The annual success of seabird breeding-colonies is not always guaranteed. In the late 1800s, for example, terns were overcollected on their nesting grounds for use in the fashion industry and for market sales. Thankfully, the Endangered Species Act and the Migratory Bird Treaty Act, as well as other conservation efforts, have resulted in population recoveries in the Northeast.

Protected nesting areas are essential. Thanks to stewardship by the United States Fish and Wildlife Service, Falkner Island is a safe nesting area for terns. Great Gull has been managed effectively for decades by the American Museum of Natural History’s Great Gull Island Project. But protected nesting areas are not enough by themselves.

We must take additional steps to help protect our birds from the effects of a shifting marine ecosystem. When regional fishery councils are making management decisions, they need to consider best practices for maintaining forage fish population abundance, diversity, and distribution. But before making such decisions, fisheries managers also need to know how they will affect existing fisheries and fishing communities. Then they need to develop management plans that will ensure enough forage fish to support both a fishery and that species’ ecosystem.

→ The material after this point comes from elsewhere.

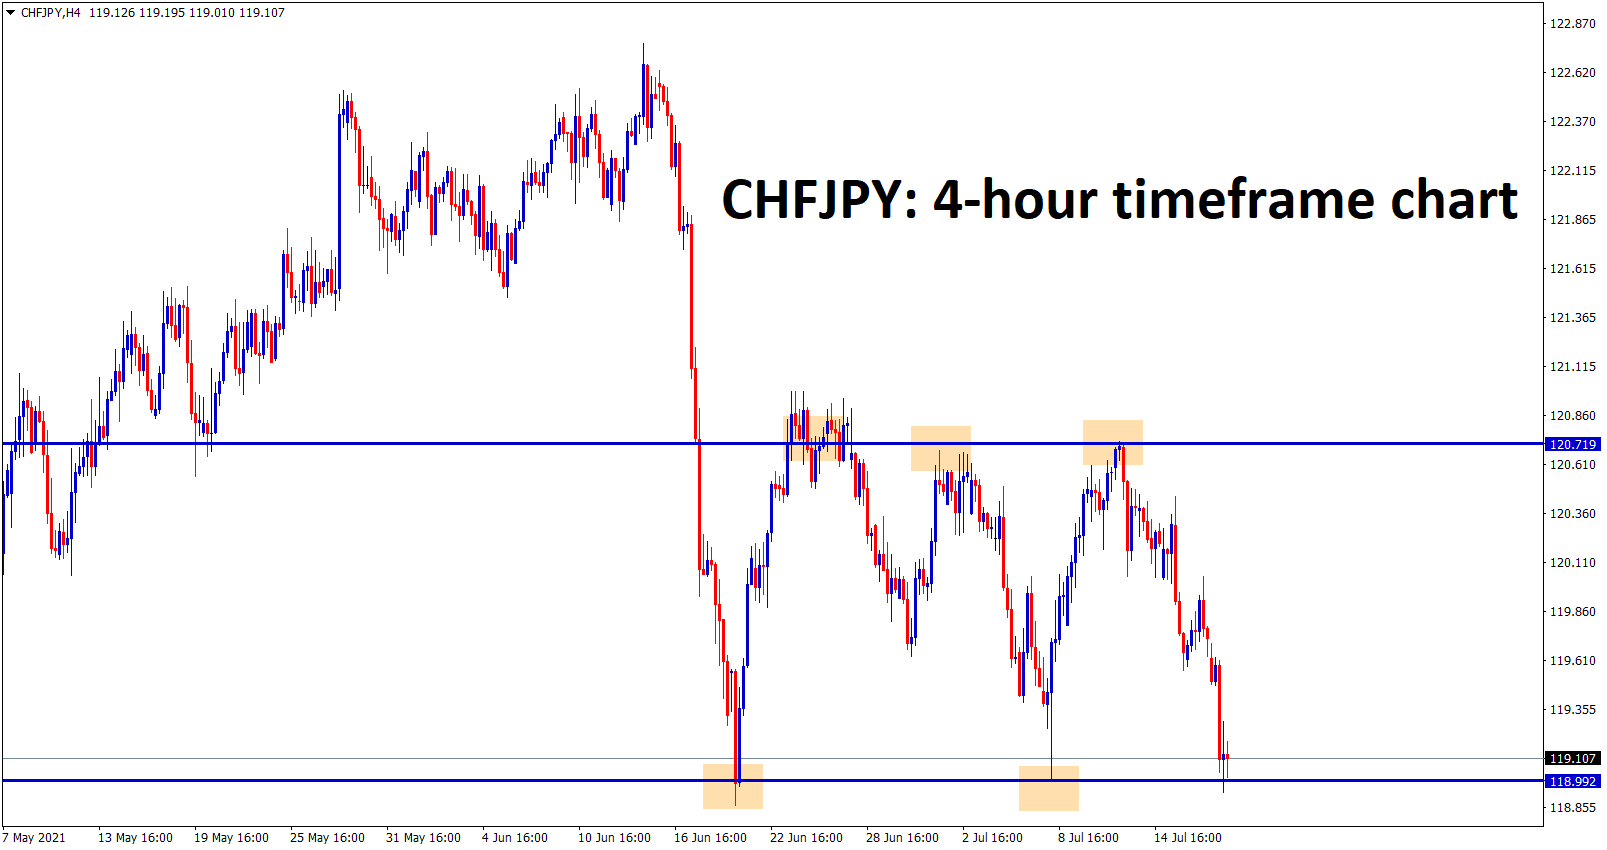 CHFJPY is standing now at the support zone wait for breakout or reversal confirmation
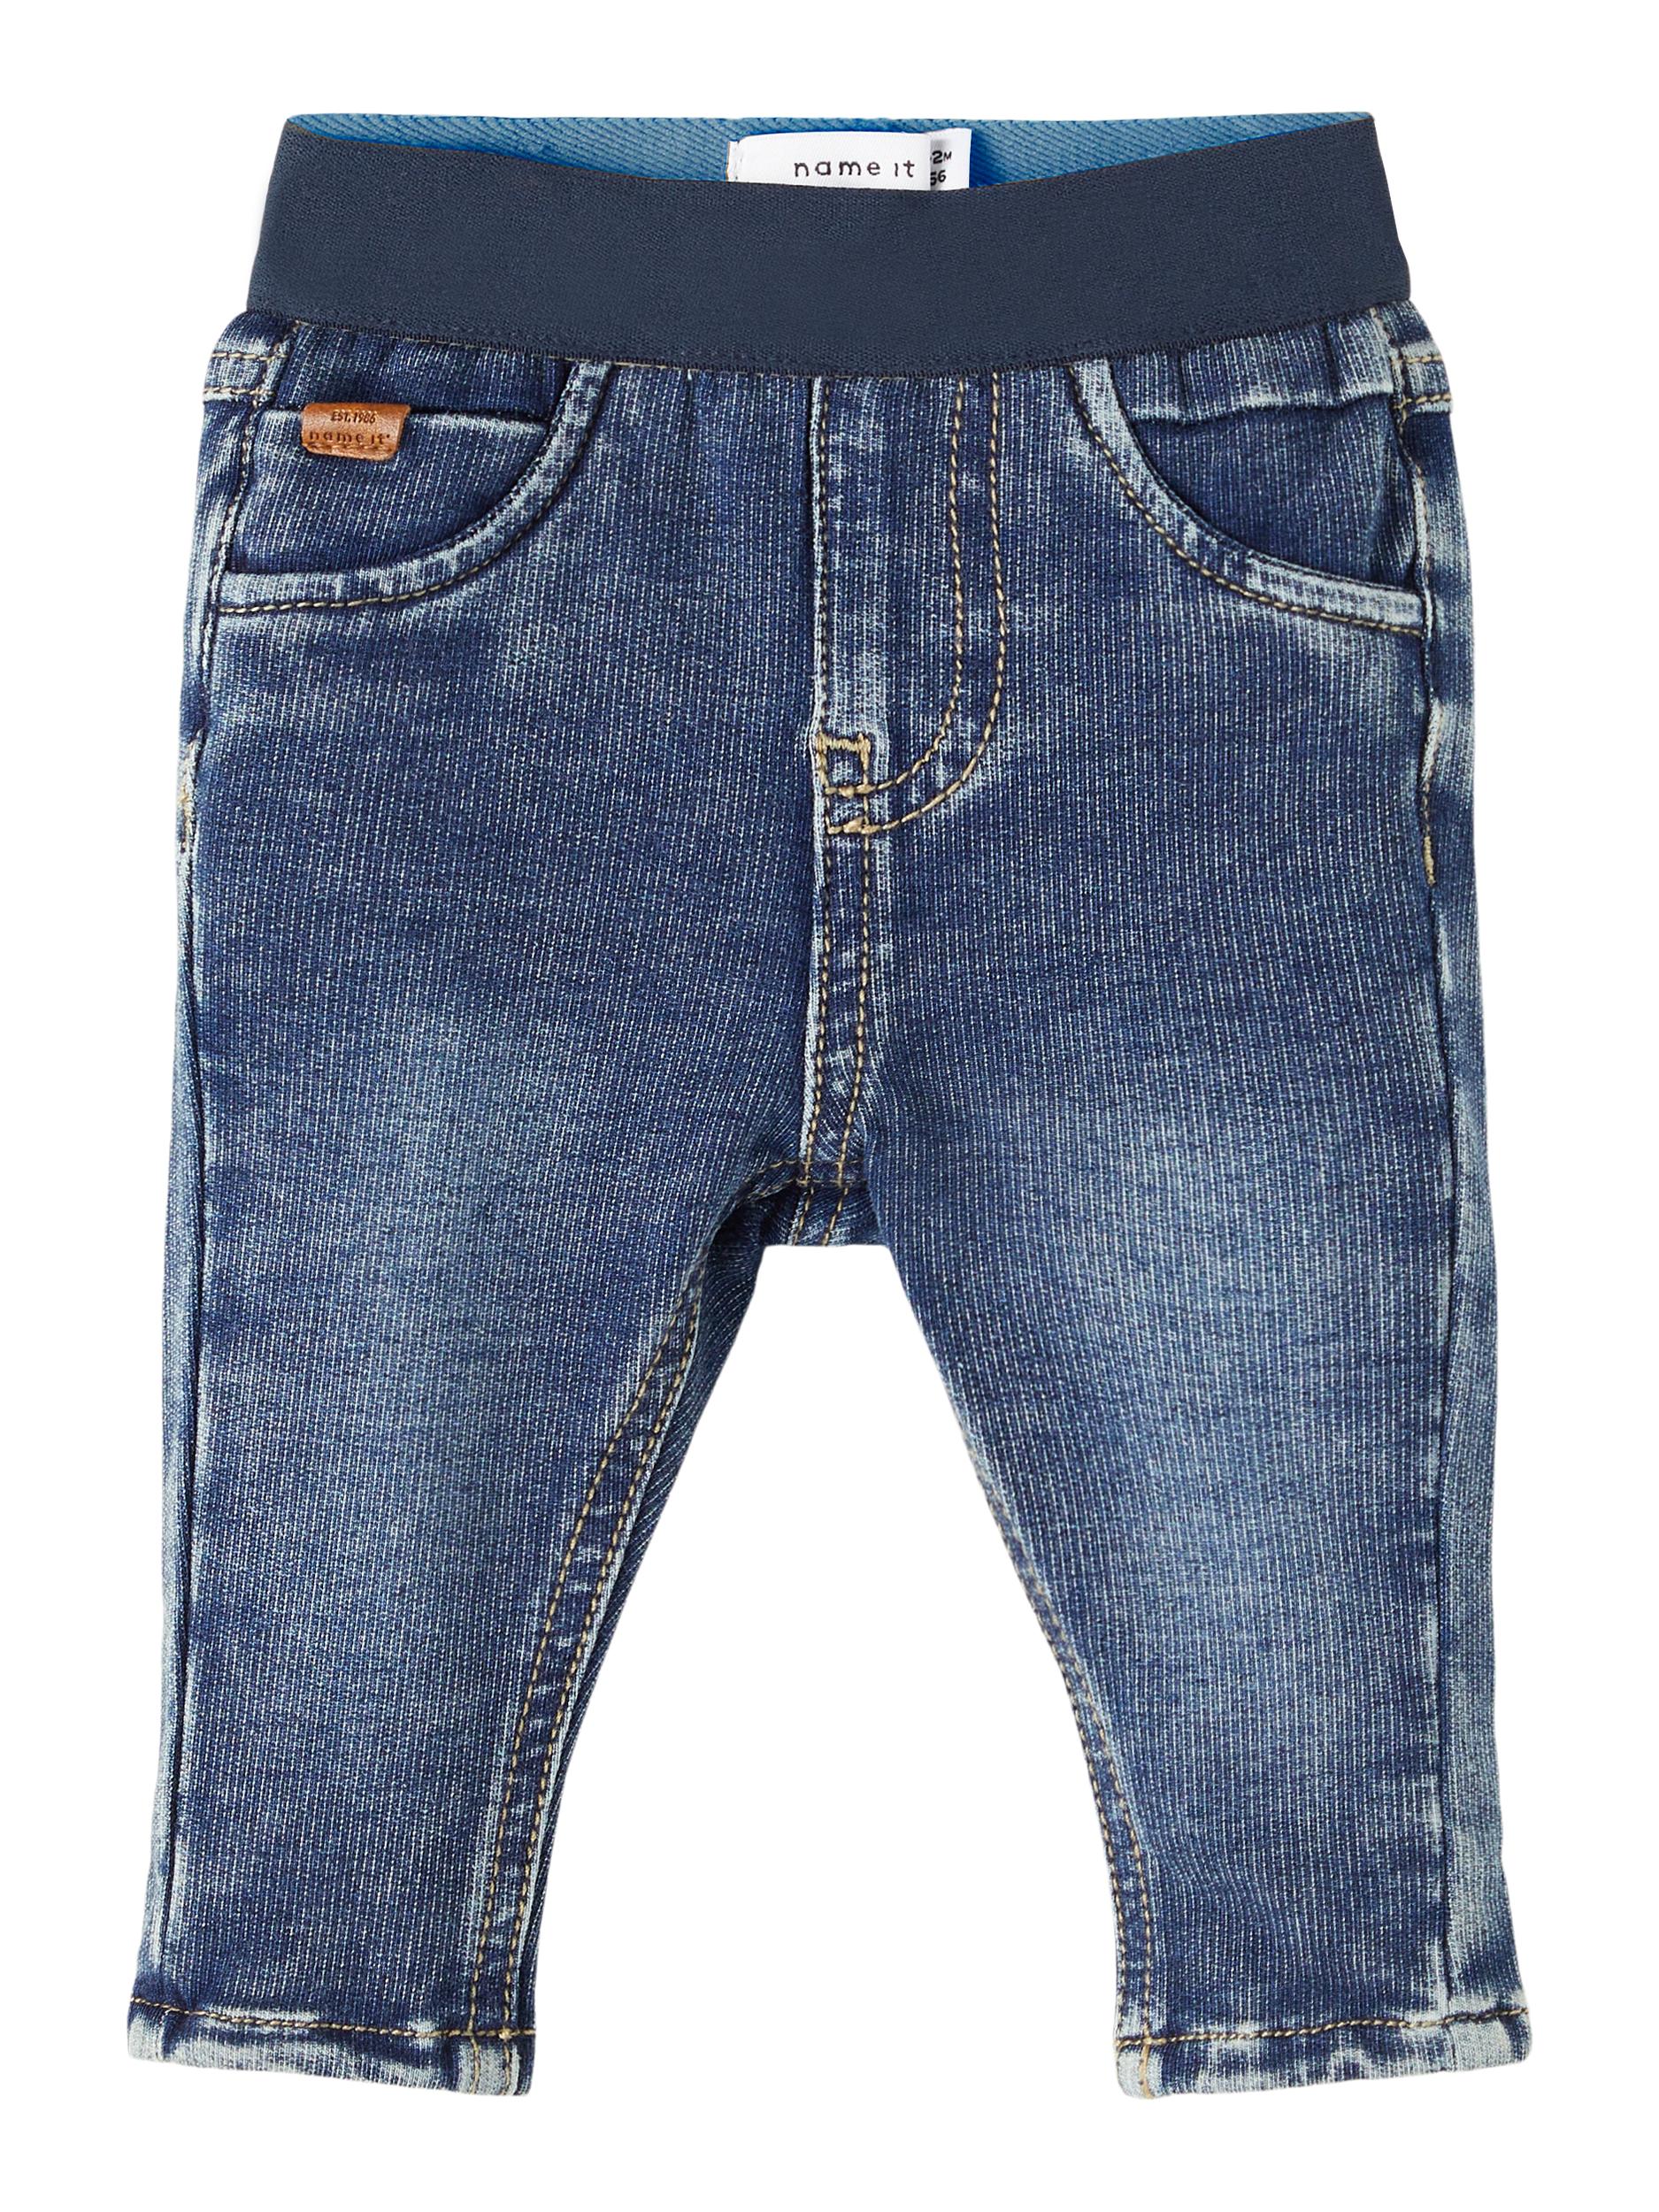 Boy's Newborn Silas Jeans 1055-Front View

We know it works. A comprehensive management plan has contributed to the renewed health of the menhaden population, which in turn has helped spur the recent boom of the Osprey population around the Sound and along the East Coast.

By putting similar fishery management plans in place for forage fish species, we may be able to help safeguard other birds that depend on the Sound’s vibrant ecosystems. State, federal, and interstate management agencies such as the Atlantic States Marine Fisheries Commission and the New England Fisheries Management Council have the opportunity to ensure that forage fish—and the terns that rely on them—have a fighting chance.

The changing climate is the number one risk to birds and people today. Both on land and in the Sound, species are shifting and relationships between predators and prey that have developed over thousands of years are strained. If we ignore these risks— ocean acidification and warming water temperatures among them—we threaten forage fish and therefore the health of seabird and other aquatic creatures.

There are economic costs as well: Forage fish are an important commodity for both commercial and recreational fisheries, which in Connecticut generated $817 million in sales and supported 6,280 jobs in 2016. Fishery management and switching to renewable energy sources are just a few of the measures we can take to protect the region’s natural resources into the future. Long Island Sound is a complex and interconnected ecosystem, from its birds and seals down to its small forage fish.

We face a vital task in protecting the Sound’s organisms, and the birds that we care so much about can serve as a starting point. Falkner Island may be home to the second oldest lighthouse in the state, but without its terns, it is an empty nest.